AI's Delivery Problem & How Tutor CoPilot Solves It
Here is why teachers aren't using generative AI.
In this article, I’ll try to explain the biggest reason why teacher usage of AI is low and I’ll share one AI edtech project that has solved that problem.
First, you need to believe me when I say AI usage is low among teachers. AI startups have received the most expensive and extended marketing campaign of any consumer product of any of our lifetimes and, almost two years later, teachers are still not using it in any numbers large enough to matter. Recently, RAND found that only 8% of all teachers regularly use AI in their teaching and 82% of math teachers have never used AI. Anecdotally, I hear from AI edtech startup founders that their retention rates—the number of teachers who use their tools regularly—are far below industry averages. Teachers use these tools once but not twice.
To the degree that tech and business leaders reckon with this data at all, they offer explanations that are, to my eyes, unconvincing. They say that teachers just need more training, that schools just need to offer more guidance. The most hopeless among them use the low usage numbers to indict schools and their goals, arguing we need to change the nature of schooling to fit the strengths of AI.

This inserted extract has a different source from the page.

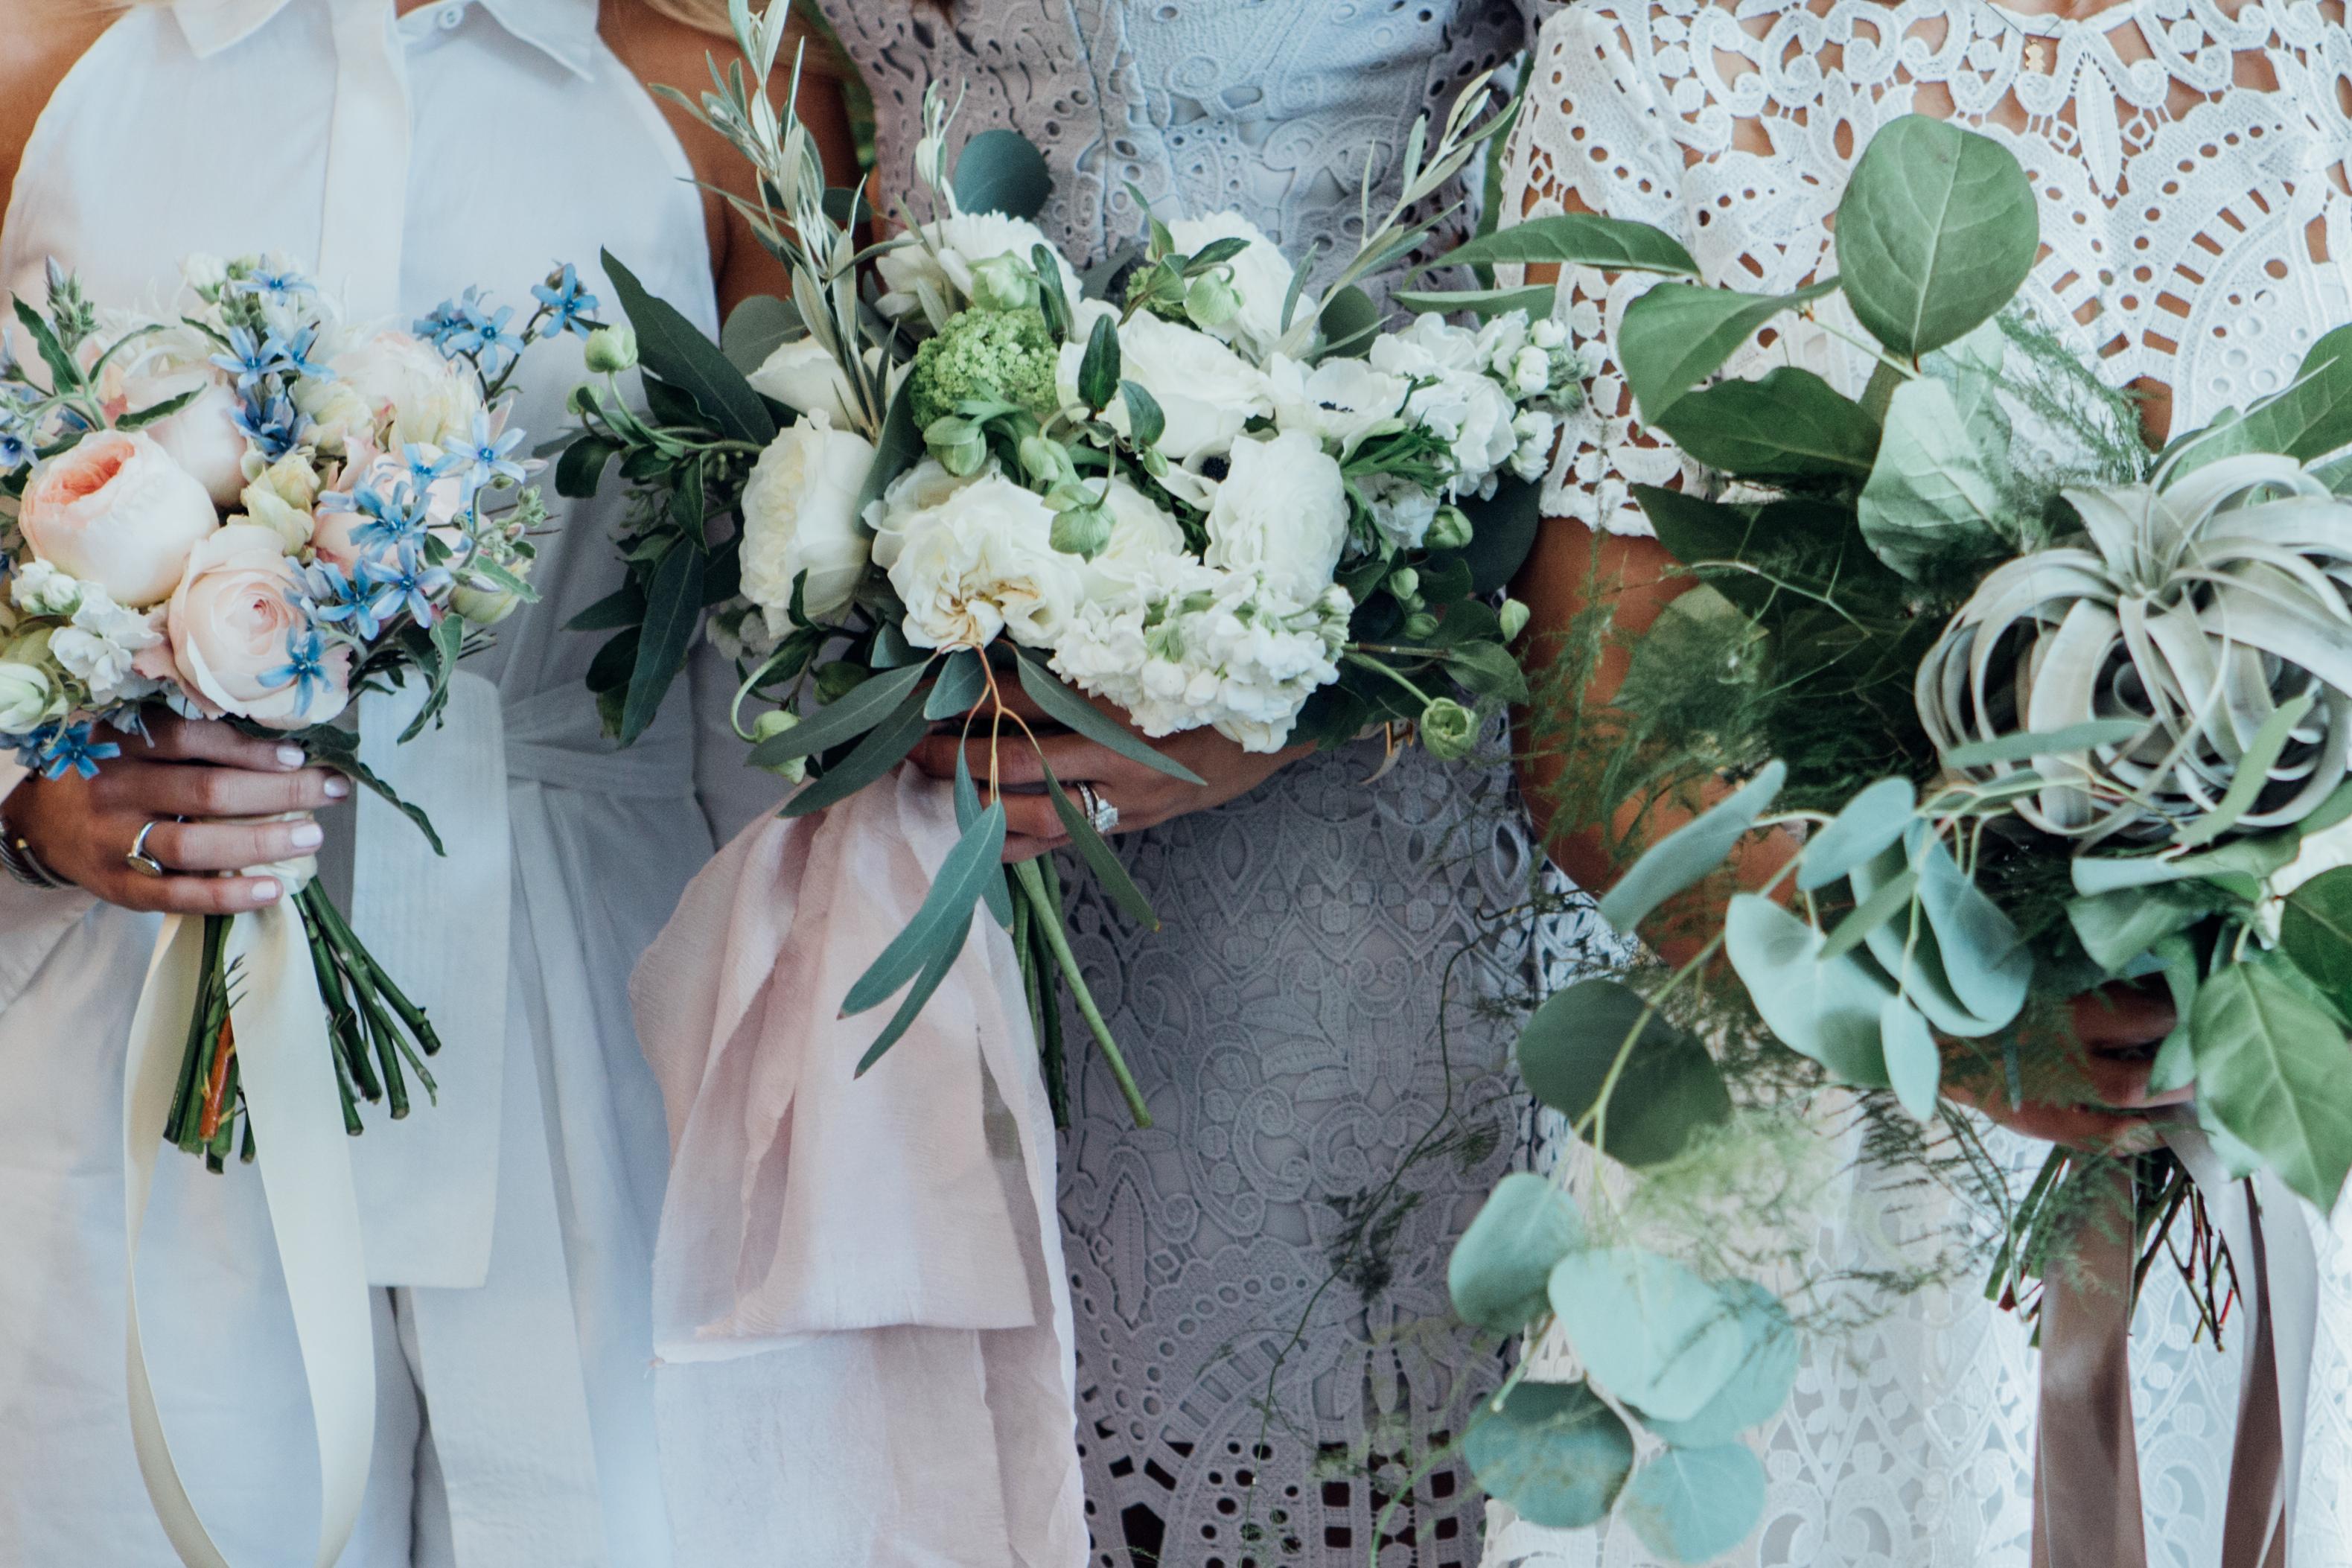 Houston Brides - Houston Weddings

None of those answers are convincing. The answer, instead, is the delivery problem.
The Delivery Problem
If you want to mail a letter to a friend, the United States Postal Service solves your first- and last-mile delivery problem in a way that AI edtech does not.
The USPS comes straight to your door and picks up the letter. It goes all the way to your friend’s doorstep as well. It travels the first mile for you and the last mile for them. The USPS does not require you to get in your car and drive to the post office to mail the letter. It meets you way more than halfway, allowing you to do what you want to do: write and send a letter.

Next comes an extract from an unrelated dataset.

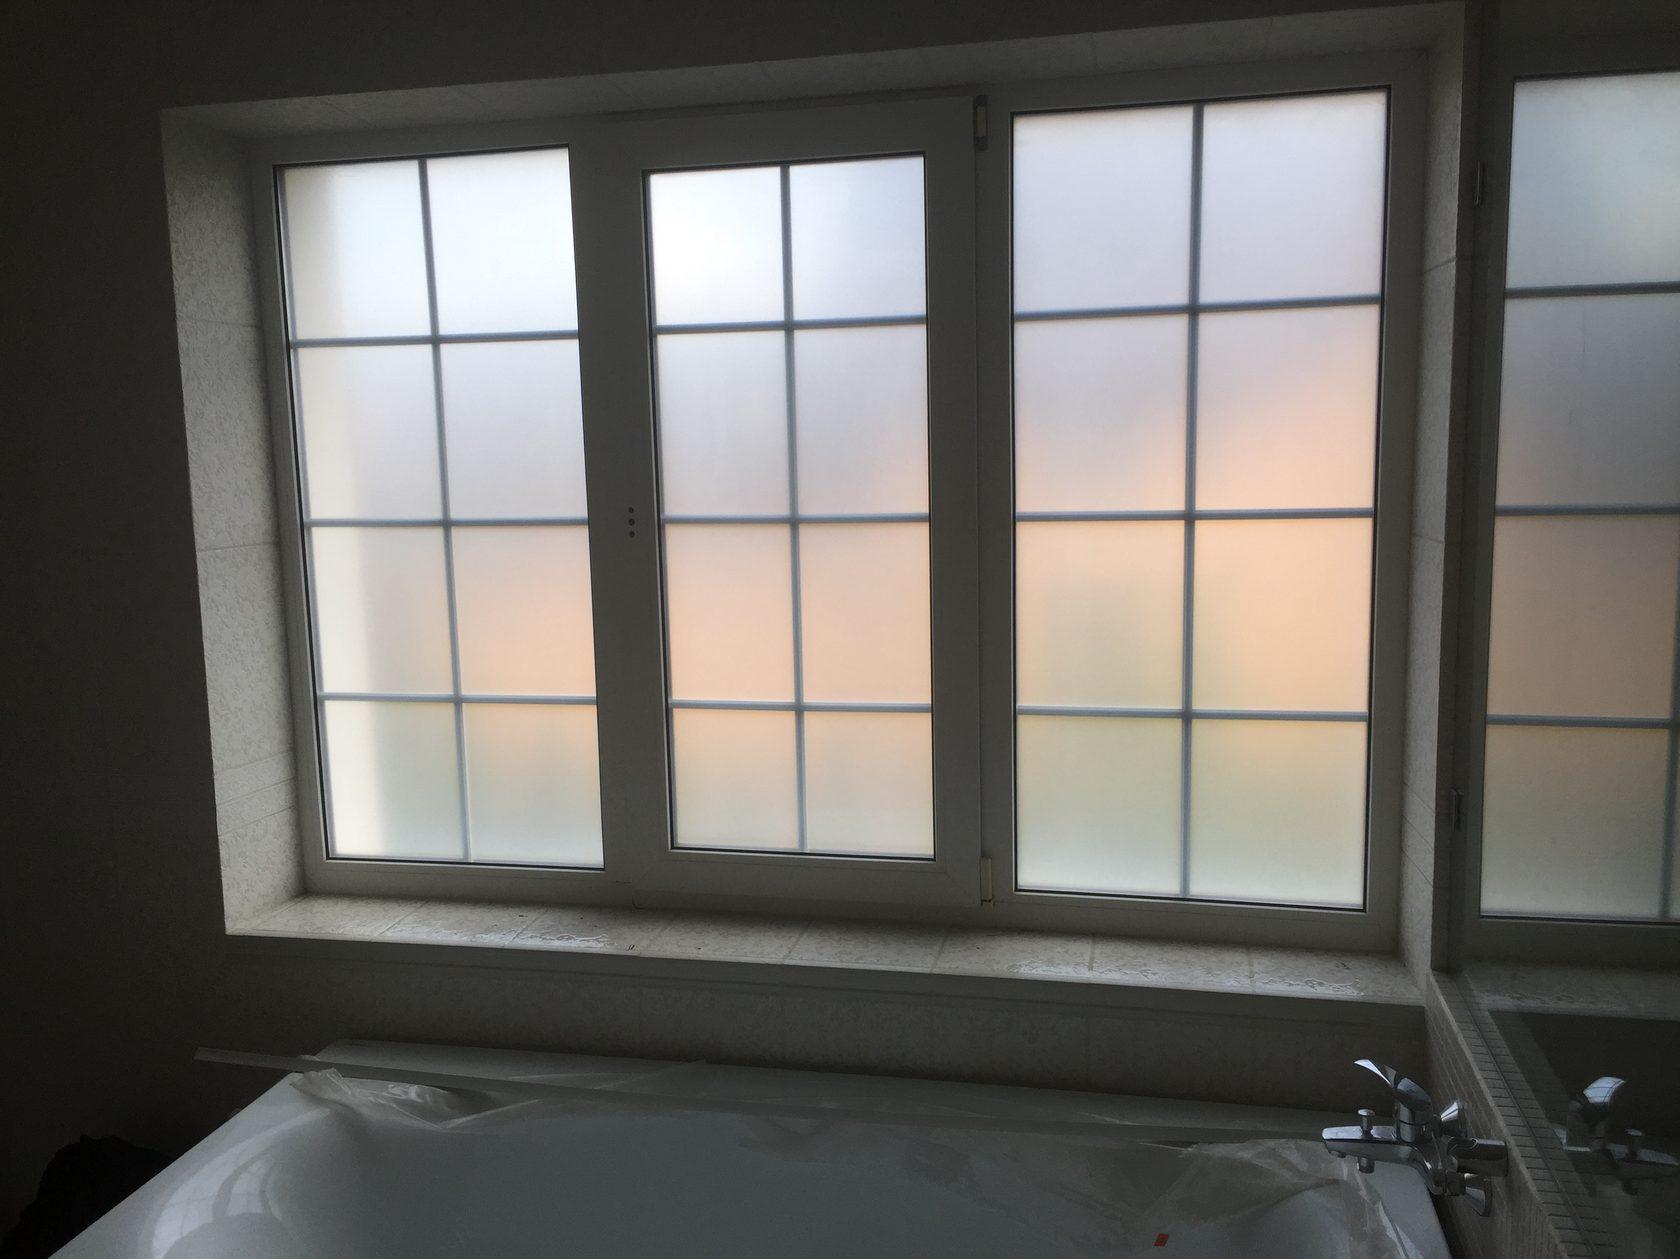 можно солнцезащитные окна картинки день

AI does not solve either the first- or last-mile delivery problem. Watch. A popular AI teacher copilot tool will create a lesson plan for me. It asks me for a prompt.
The first mile delivery problem here is that I have been forced to leave out immense amounts of important context. What have the students learned previously? Is “dilation” a word they know and we should lean on? Have they experienced similarity in the context of transformations? Are digital devices available? Are tools like Desmos a possible resource here? What kinds of lessons have students experienced recently? Do they need an introductory lesson? A concept development lesson? An application lesson? Do they need to spend more time on fluency? What curriculum are they using? Should we avoid decimals or fractions in the problems? What day of the week is it? What month of the year? How long has it been since the students had a break? Are they completely gassed or ready to put the pedal down?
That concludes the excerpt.